Task instructions:
What you write must be the listing below in full, word for word, minus its pictures.

Given material:
○ ○ ○ ○ ○ ○ ○

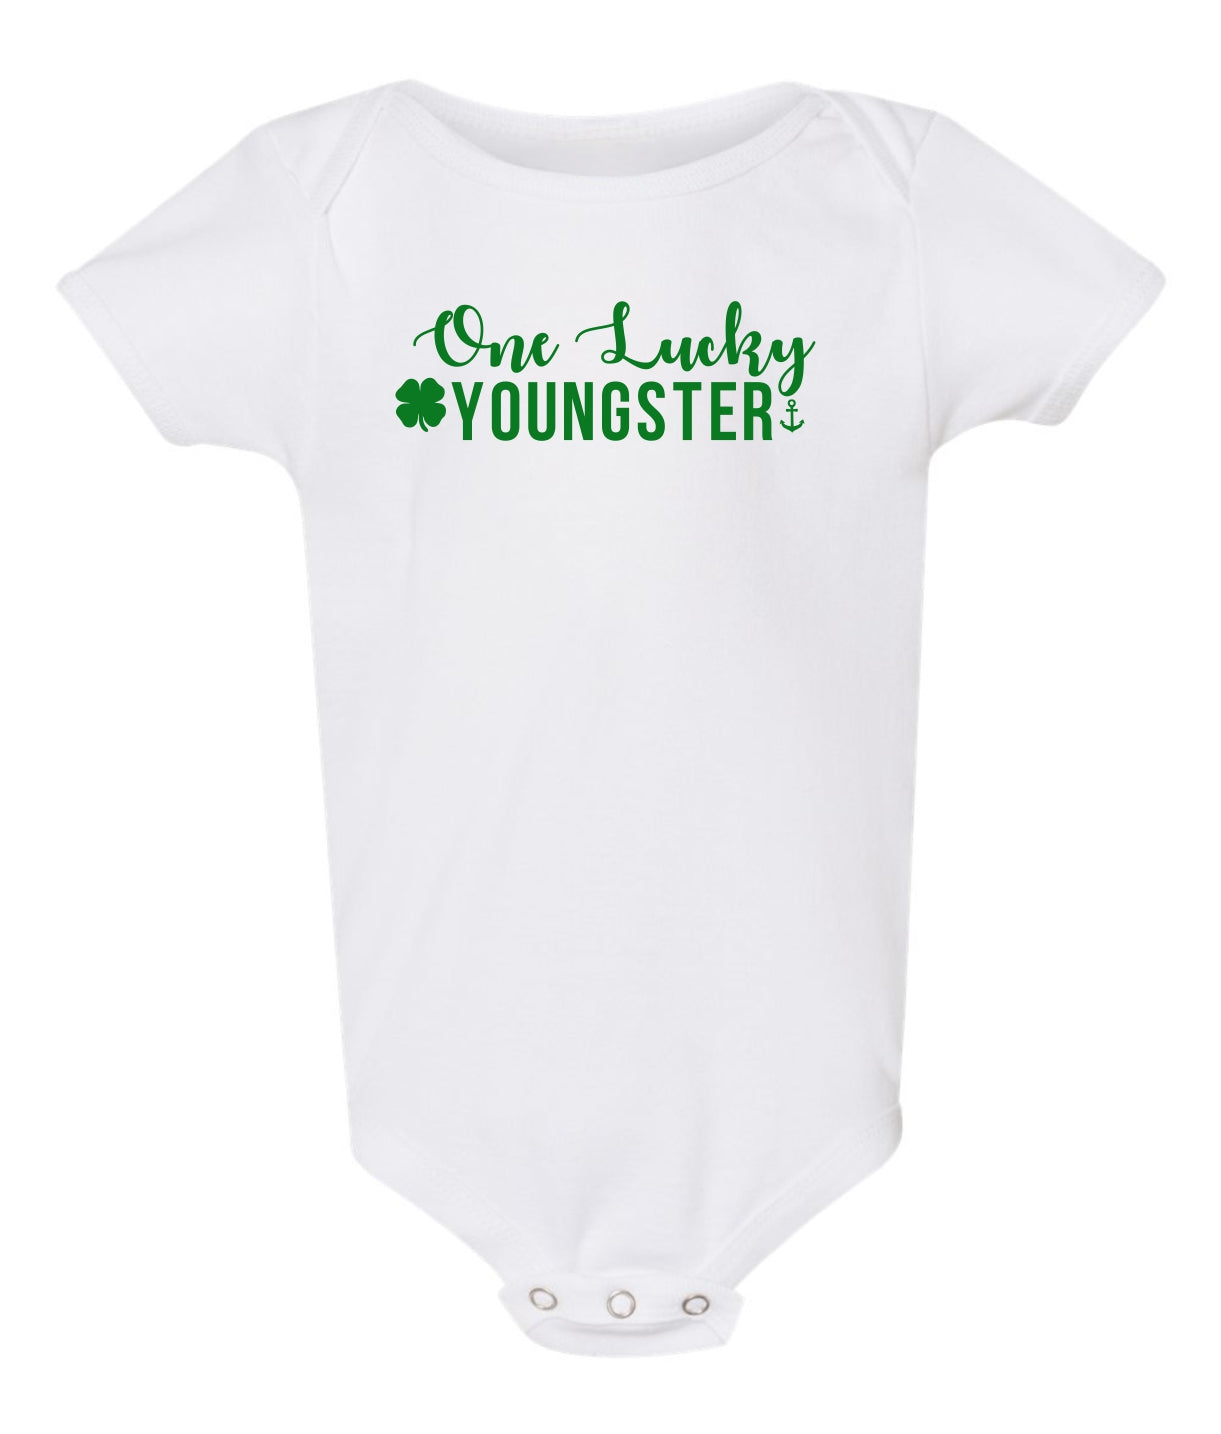 "One Lucky Youngster" Onesie
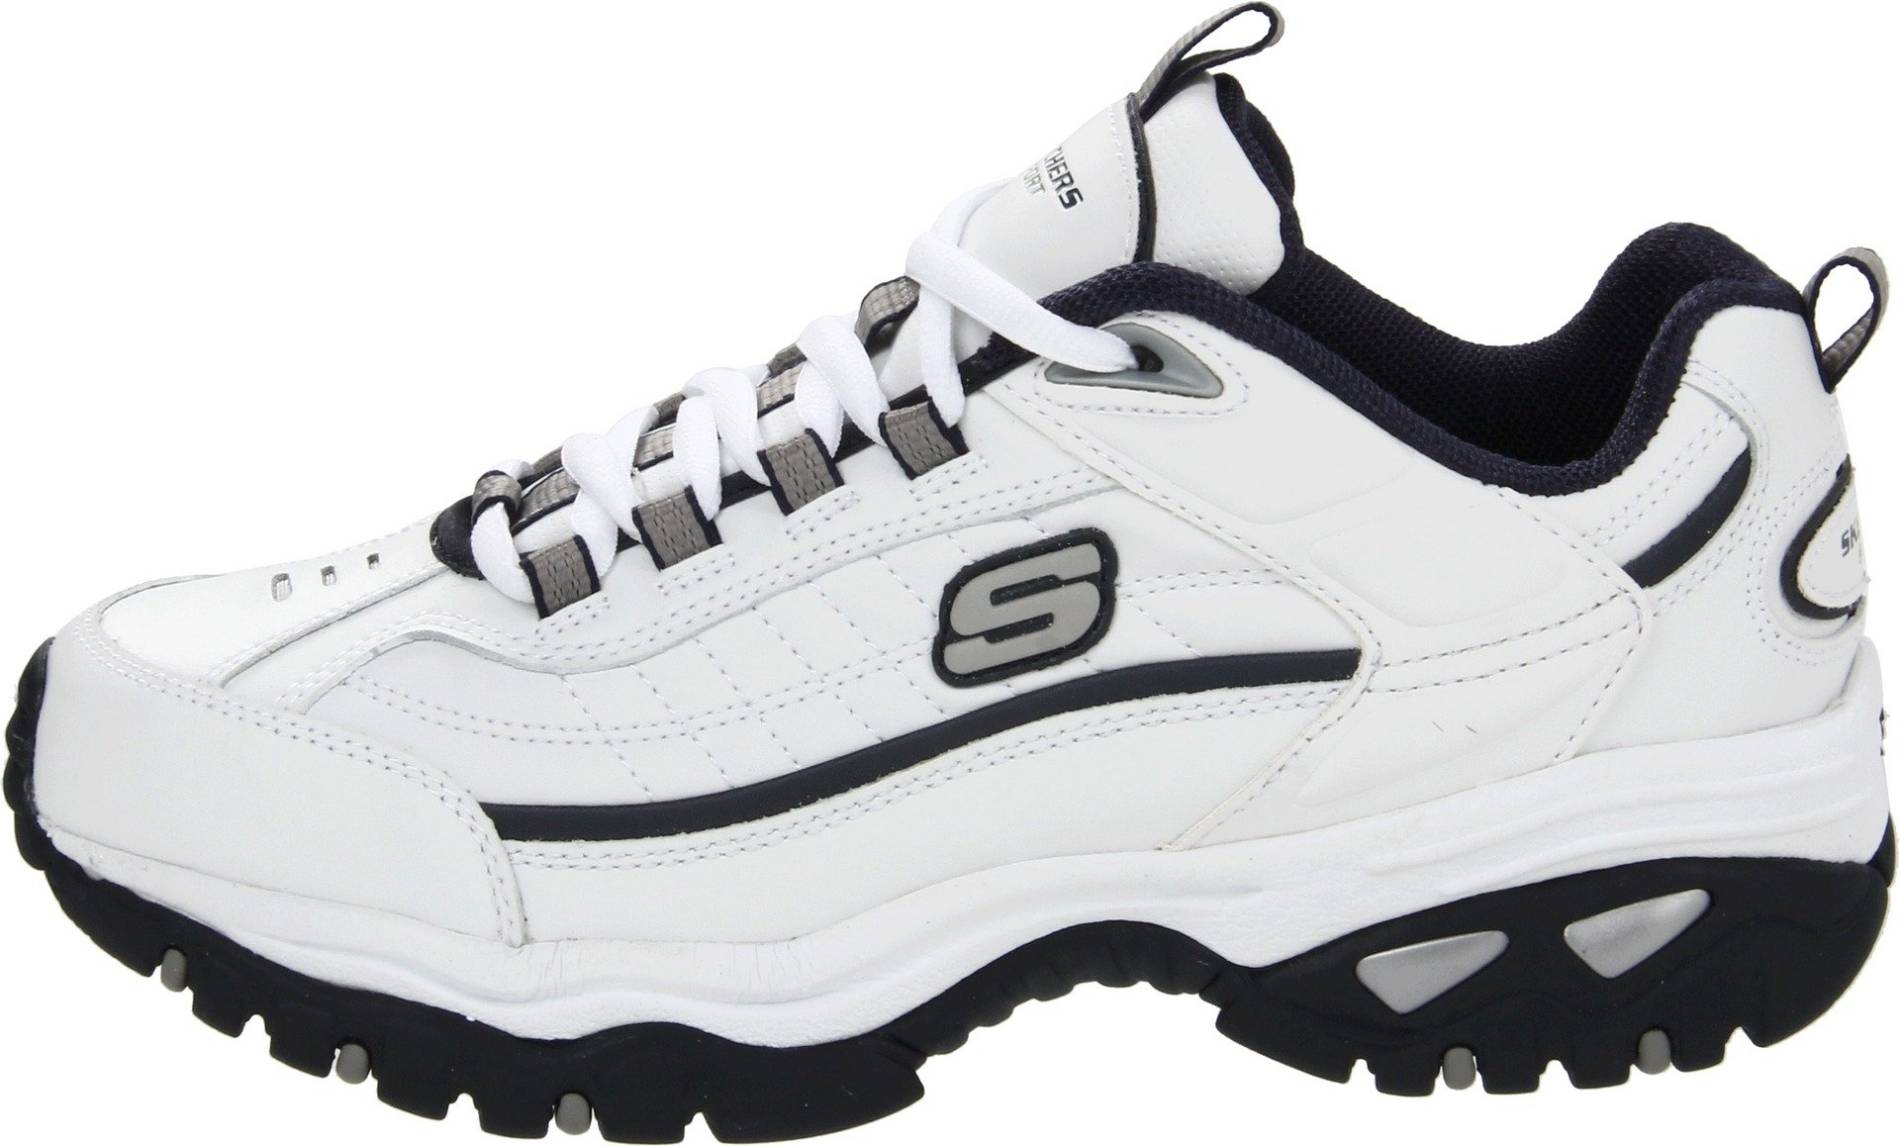 skechers shoes highest price
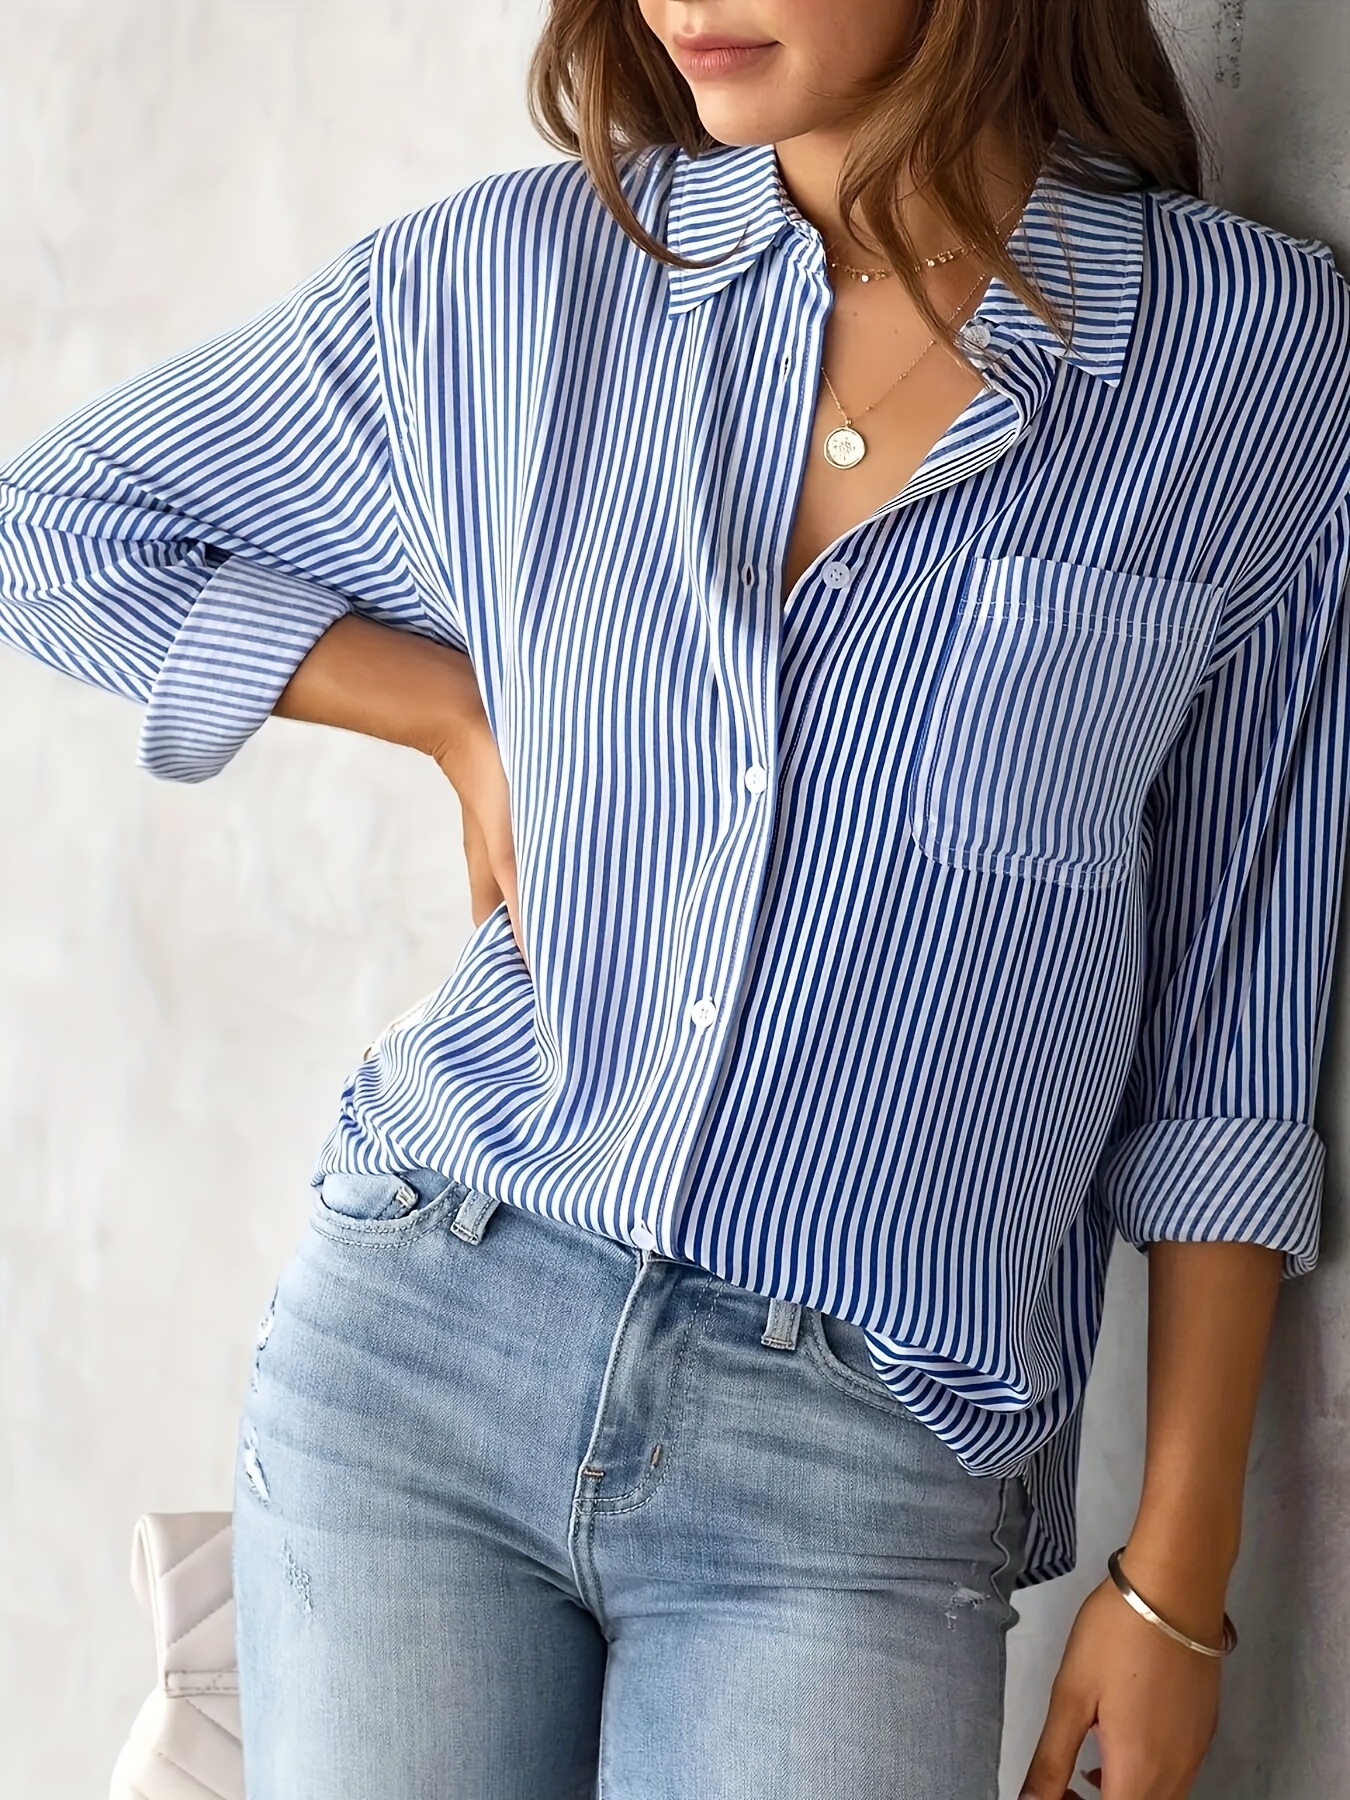 striped print button front shirt casual long sleeve shirt with pocket womens clothing details 16

○ ○ ○ ○ ○ ○ ○

Output of the exercise:
 "One Lucky Youngster" Onesie
 skechers shoes highest price
 striped print button front shirt casual long sleeve shirt with pocket womens clothing details 16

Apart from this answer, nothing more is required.